Figure 6.3: Photograph of Brian Spratt, 1993, credit: Royal Society, Brian Spratt. Born in Margate, Kent, in 1947, Spratt undertook both a bachelor's degree and a doctorate in microbiology at University College London. His doctorate focused on the genetics of DNA synthesis and cell division in Salmonella typhimurium. In 1973 Spratt joined Arthur Pardee's biochemistry laboratory at Princeton University for two years where he began investigating penicillin-binding proteins (PBPs) in bacteria as part of his work to understand cell division. During this research he pioneered a method to isolate multiple PBPs of E. coli which enabled him to dissect their role in the elongation, shape and division of the bacteria. Armed with this method, Spratt managed to identify the target of penicillin for the first time. His method also proved useful to pharmaceutical companies who used it to establish how well new beta-lactam antibiotics bound to individual killing targets. It also opened up a means to study the role of PBP mutations in the rise of resistance to antibiotics (Spratt 2012). Following his time in Princeton, Spratt continued working on PBPs at Leicester University with the support of an MRC grant and then became a lecturer in biochemistry at Sussex University in 1980.

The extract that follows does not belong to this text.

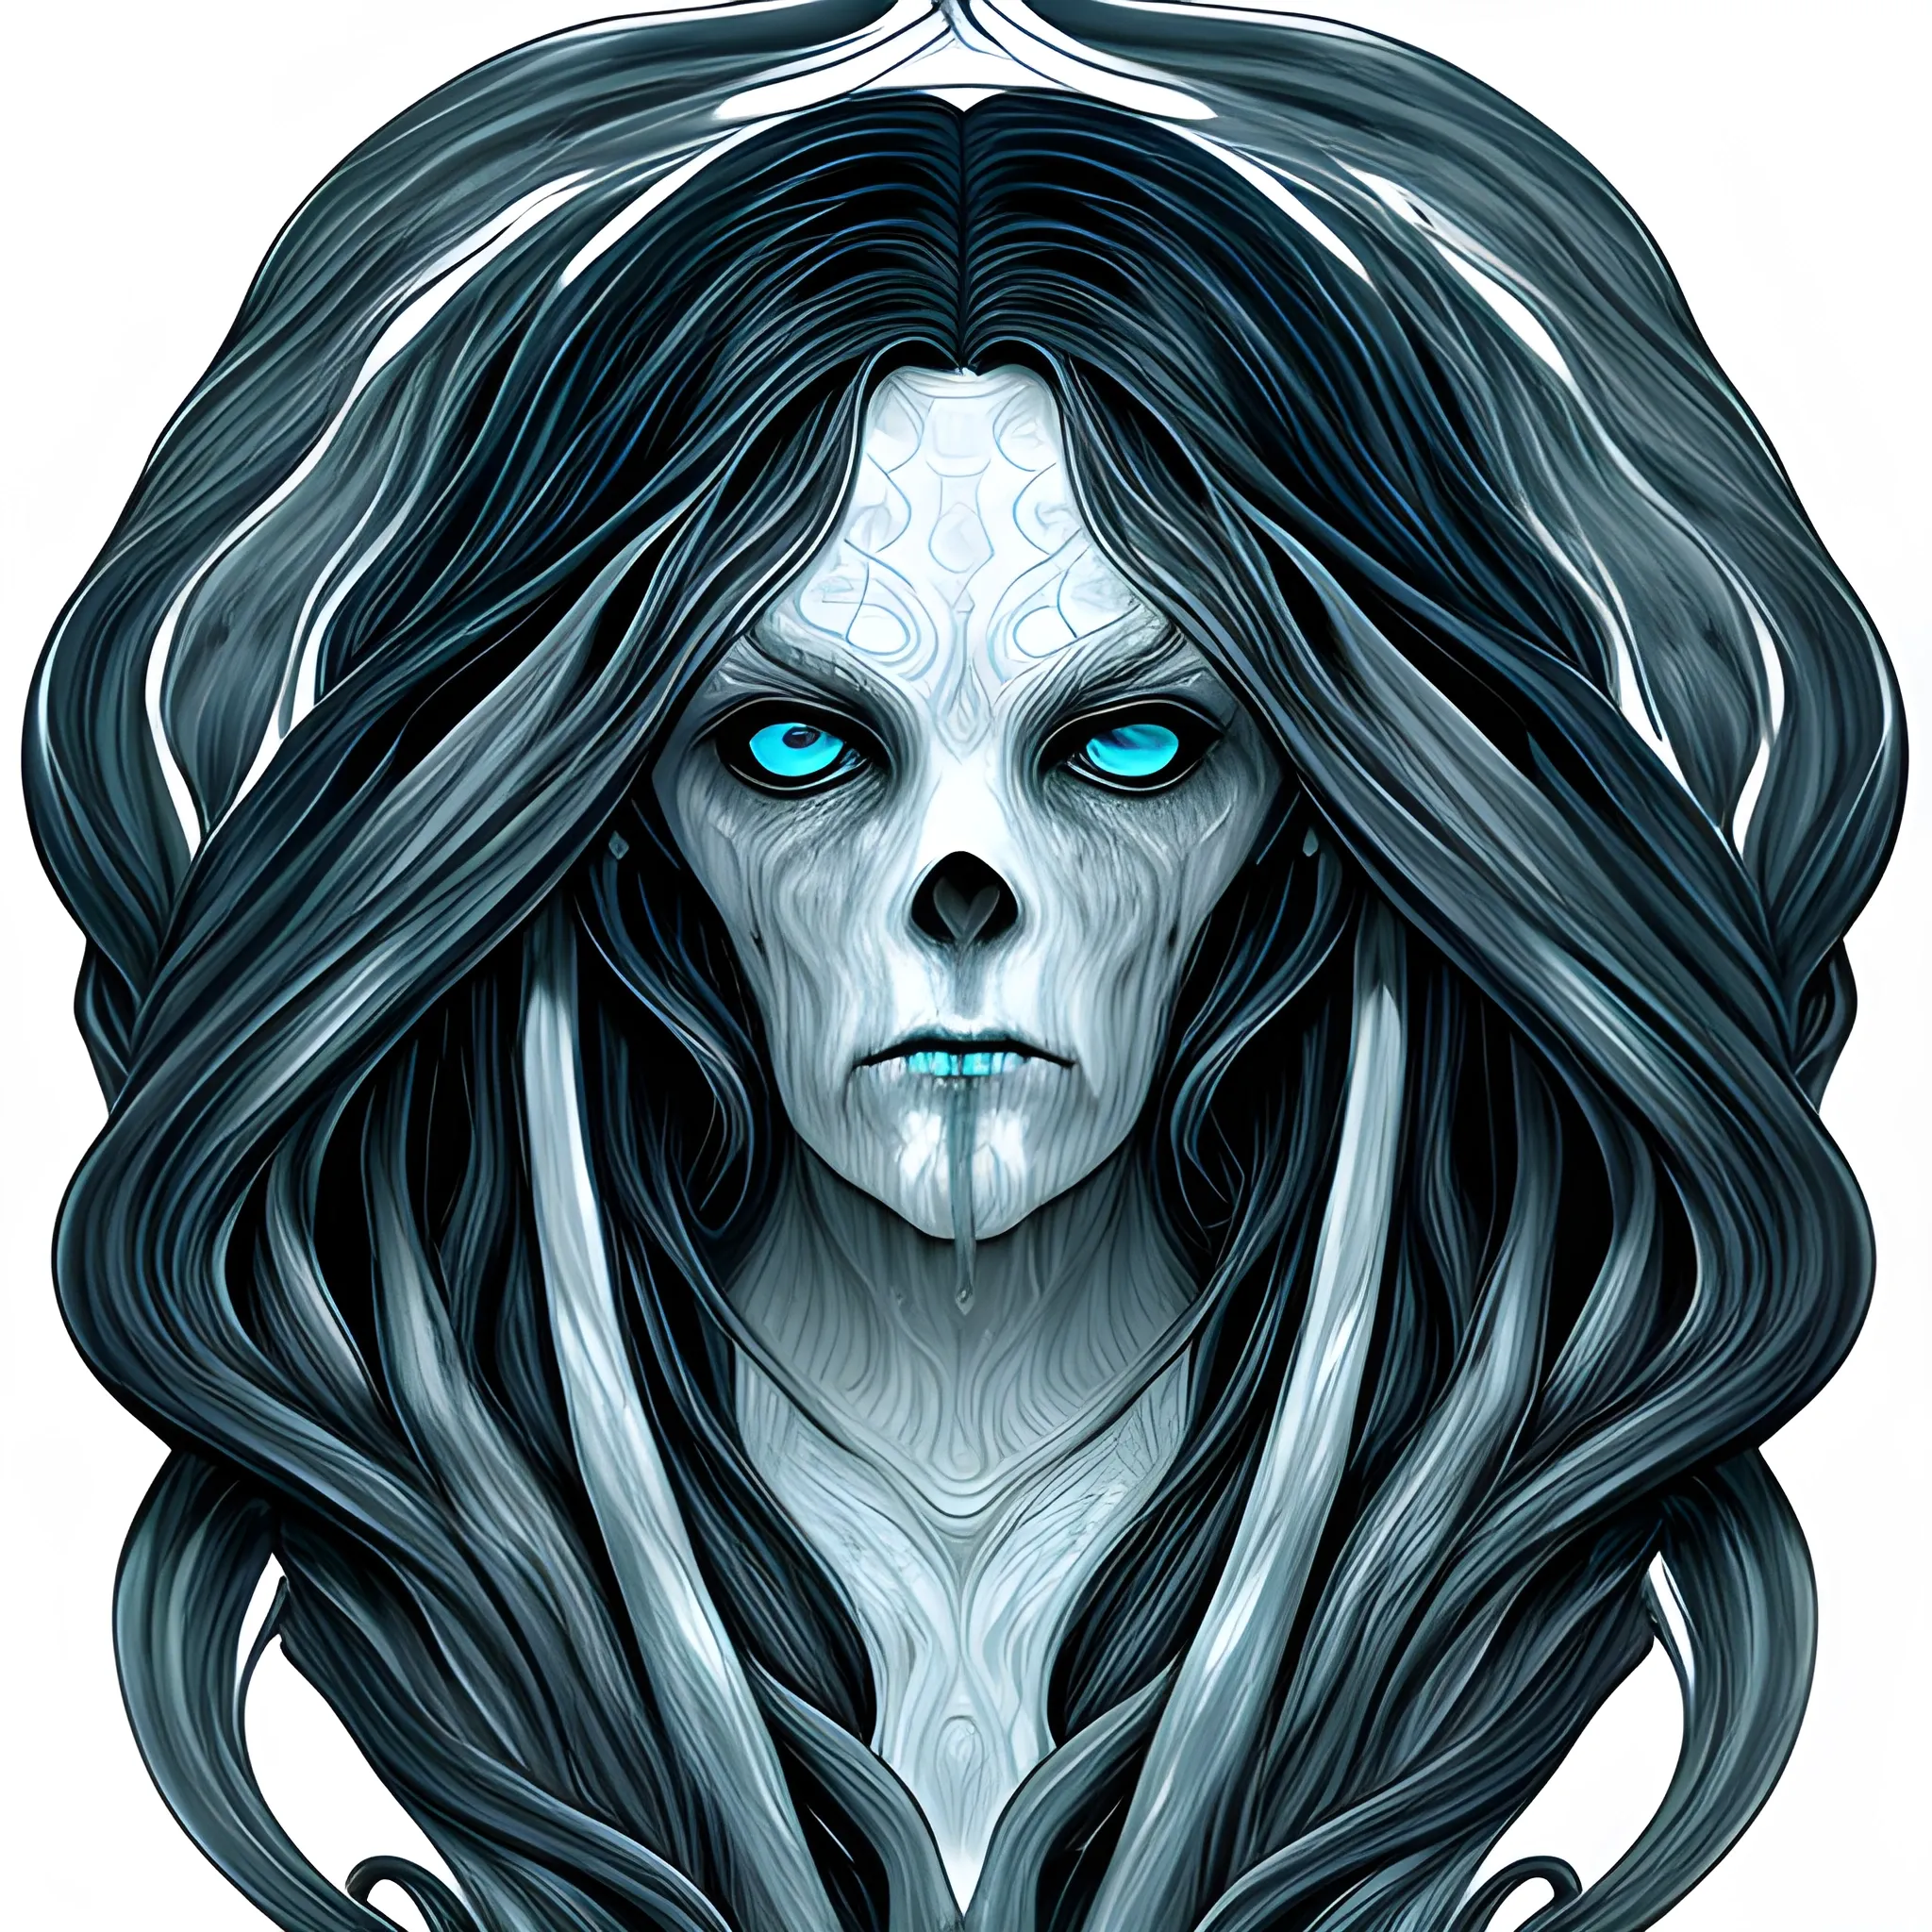 Line art, a pale, tentacled face rising from the inky black depths, with flowing ebony hair and eyes the crystalline blue of the Aegean Sea, its beautiful yet cruel features twisted with divine rage, in the style of fantasy art

In order to do this, he compared the nucleotide sequences for the protein taken from penicillin-sensitive and penicillin-resistant strains. Expecting to find one or two mutations in the protein taken from the resistant strain, Spratt was surprised to discover that the first part of its sequence was largely similar to the one from the penicillin-sensitive strain but then there were great blocks that were very different. Spratt was very puzzled as to how there could be so many changes in one part of the sequence and none in the rest. The only explanation he could come up with was that some sort of recombination event had happened whereby new pieces of DNA had been transferred into the sequence from a closely related Neisseria species and that this somehow rendered the protein less susceptible to being inhibited by penicillin (Spratt interview).

Initially unsure about his hypothesis, Spratt discussed it with John Maynard Smith, a theoretical evolutionary biologist and geneticist at Sussex University. Maynard Smith confirmed his interpretation and Spratt published his results in Nature in 1988. It was the first example of a bacteria that had become resistant by recombination with a very close relative with resistance to penicillin (Spratt interview; Spratt 1988). The following year Spratt's team discovered the same phenomenon in clinical isolates of Neisseria meningitidis and Streptococcus pneumoniae that were resistant to penicillin (Dowson, Hutchinson, Spratt; Zhang, Spratt).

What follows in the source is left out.